OK, I think I understand it, and we are in agreement. For the
purpose of the above paragraph, a side branch is what is not on the
"--ancestry-path", so all of the below "examples" are about the
behaviour when --ancestry-path is used.
> Example undesirable behaviour, with A treated as a side branch:
> ...
> 1) If only commit A changed our file, and merge X took "old" version Y
> for some reason, under these rules "--full-history A..B" would show
> nothing.
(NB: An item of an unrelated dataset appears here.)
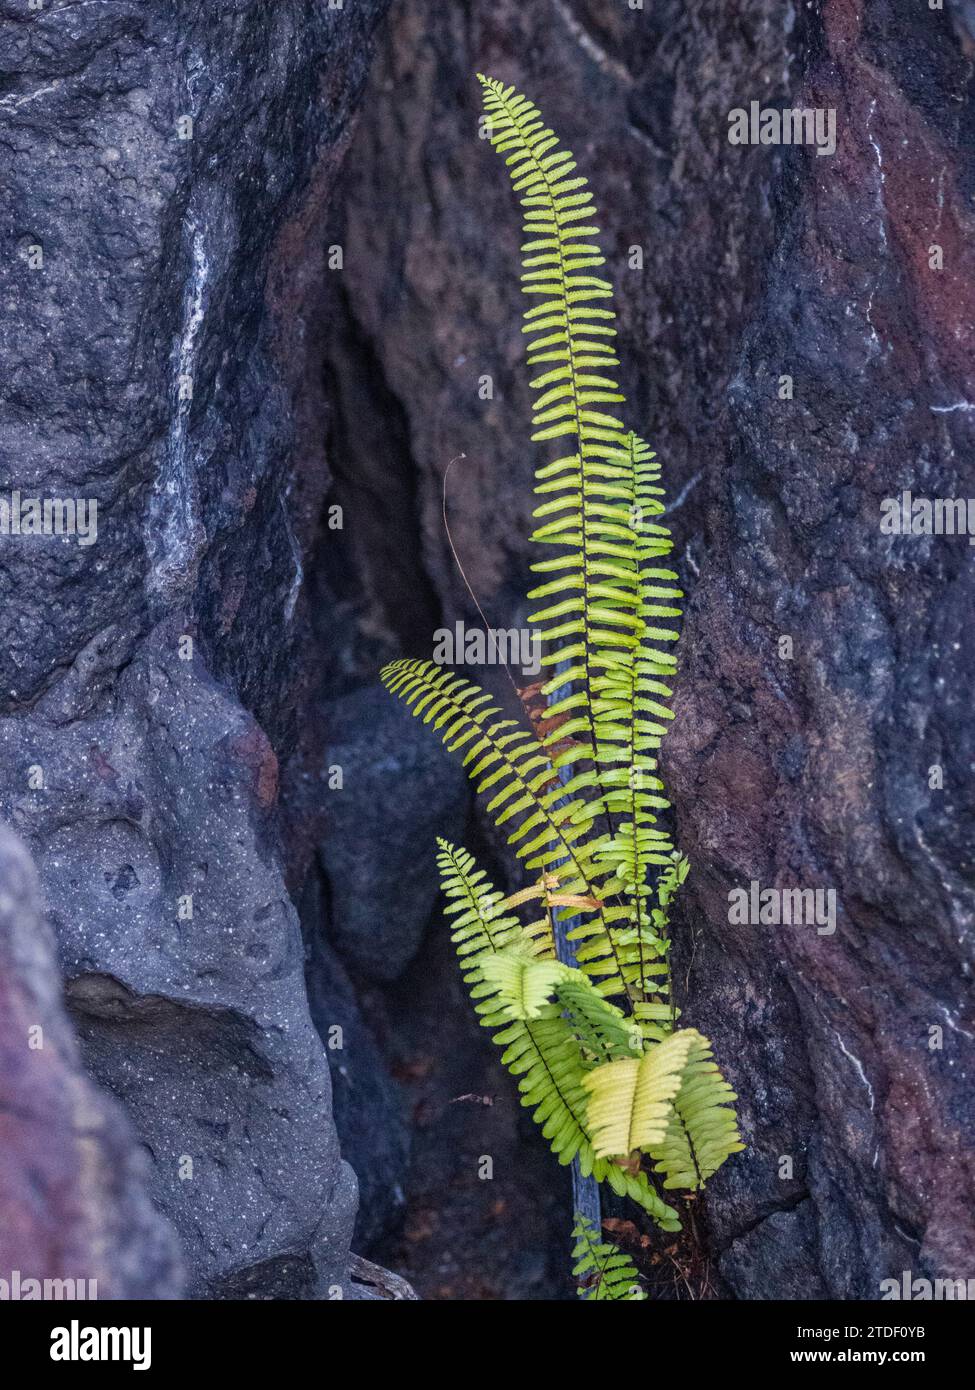 New life in the pahoehoe lava on the youngest island in the Galapagos, Fernandina Island, Galapagos Islands, UNESCO World Heritage Site, Ecuador Stock Photo

X doesn't consider A because it's UNINTERESTING. If there had
> been an intervening (even irrelevant) commit A1 between A1 and X, X
> would have been shown.
This is exactly why I hinted that ancestry-path limiting may need to
come before path limiting decides which parents are interesting and
which are irrelevant, and I think it applies the same for the other
two examples.
I haven't thought through the implications of the definition of
"INTERESTING" you propose (without changing the rest of the code to
apply ancestry-path first, I assume).
While I'd like to see a solution that avoids to actually limit with
ancestry-path before limiting with pathspec (because I would imagine
that the most naive way to do so is to scan the graph twice, first
without pathspec to find and cull side branches from "ancestry-path"
point of view and then traverse the resulting graph again with
pathspec to further drop branches that did not contribute to the end
result), I am fairly sure that the end result we produce, whatever
its more efficient implementation would end up to be, _should_ be
equilvalent to the "cull with ancestry path first and then ignore
noncontributing branches with pathspec" semantics.
It is not immediately clear to me that your proposed implementation
will give us that semantics. Oh, also, even though I said "I am
fairly sure" above, you may already have a counter-example that
shows why the semantics I think is right is not useful in some
cases.
I'll have to think about this a bit more, but it is unlikely I have
time to do so for the coming couple of days. Sorry about that.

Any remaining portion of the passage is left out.